Successful compilation of UB is explicitly disallowed by the standard in a constexpr context

[layer8]

Thanks, I wasn’t aware. Although that seems to be restricted to core language UB and not include standard-library UB: https://stackoverflow.com/a/72494688/623763

[jvanderbot]

I think it's worth pointing out that your statement is true by definition, perhaps not true by implementation in these cases. It's not like UB produces _random_ behavior, it's just not specified what compilers _should_ do in those cases.

Of course, cannot be relied upon.

[DannyBee]

The standard explicitly disallows compiling of UB for constexpr.

Otherwise, what you write is provably correct - UB is not statically decidable in all cases (and depending on the type of UB, not even in a lot of cases).

[ithkuil]

Doesn't it depend on the actual values?

If your compile time evaluations don't trigger signed integer overflow (or any other UB) does it follow that at runtime you couldn't pass a parameter that would trigger signed overflow?

I mean it's still useful because at least you know your test code is not artificially passing because of some UB makes it look like passing

[tialaramex]

> it's still useful because at least you know your test code is not artificially passing because of some UB makes it look like passing

Right, that's the extent of what this does.

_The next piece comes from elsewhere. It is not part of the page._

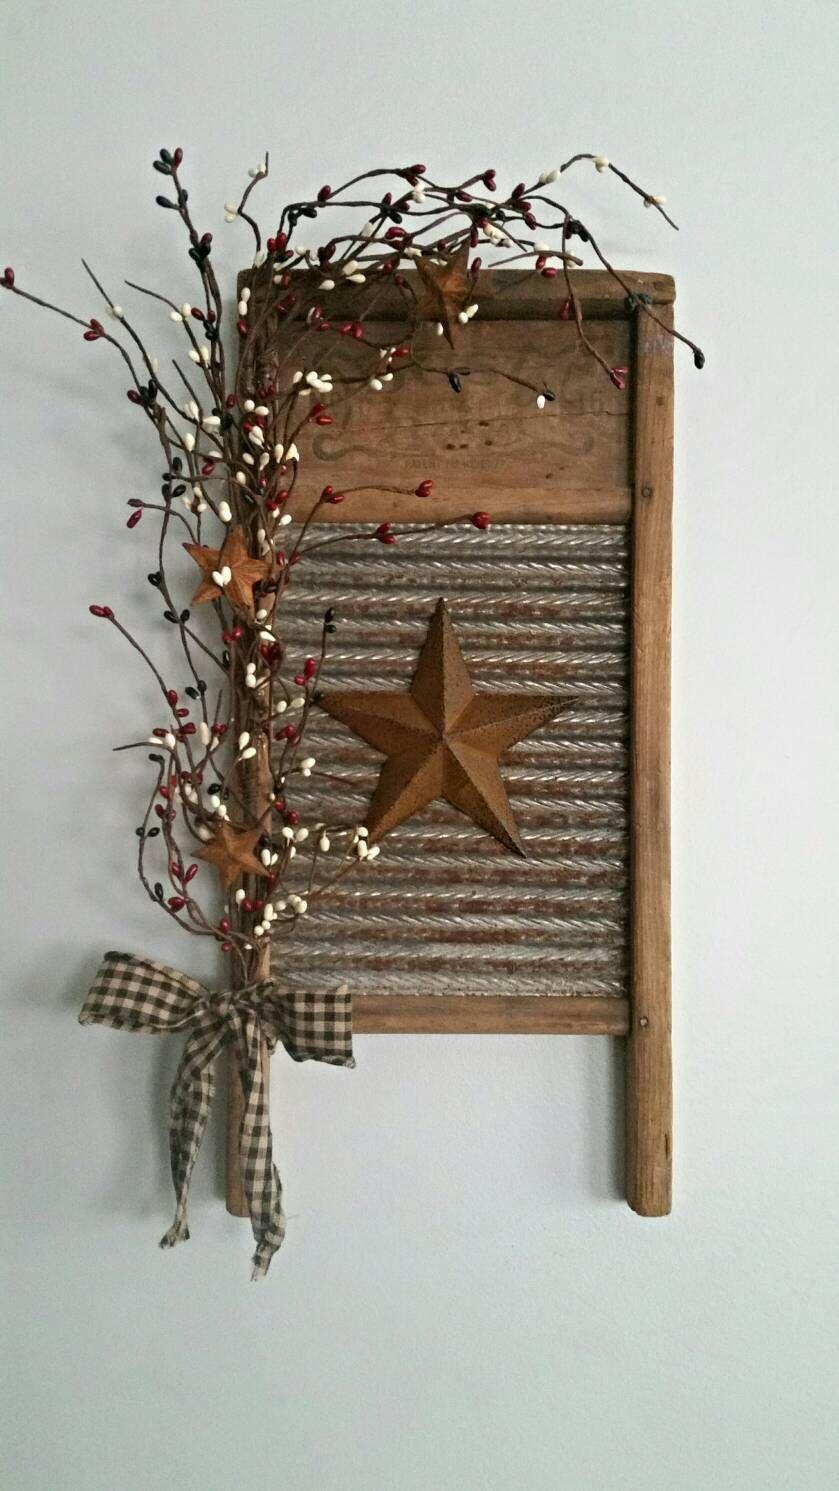 Small Rustic Primitive Vintage Washboard Decor Primitive Decorating Country Diy Rustic Decor Washboard Decor

When I saw it on r/cpp I thought OK, somebody realised now they can make their C++ tests work as a reasonable person would expect, or perhaps realised that without this C++ tests are almost worthless because they can invoke Undefined Behaviour silently.

But increasingly I suspect the OP mistook this for a breakthrough in correctness which it isn't, otherwise why post it to HN?

On the other hand, the prohibition on UB for constexpr doesn't reach up to where IFNDR lives, so I'd guess most non-trivial C++ software is technically nonsense with no defined meaning as a result of IFNDR regardless of how many or few unit tests were written or whether they use constexpr to prohibit Undefined Behaviour. A cheerful thought.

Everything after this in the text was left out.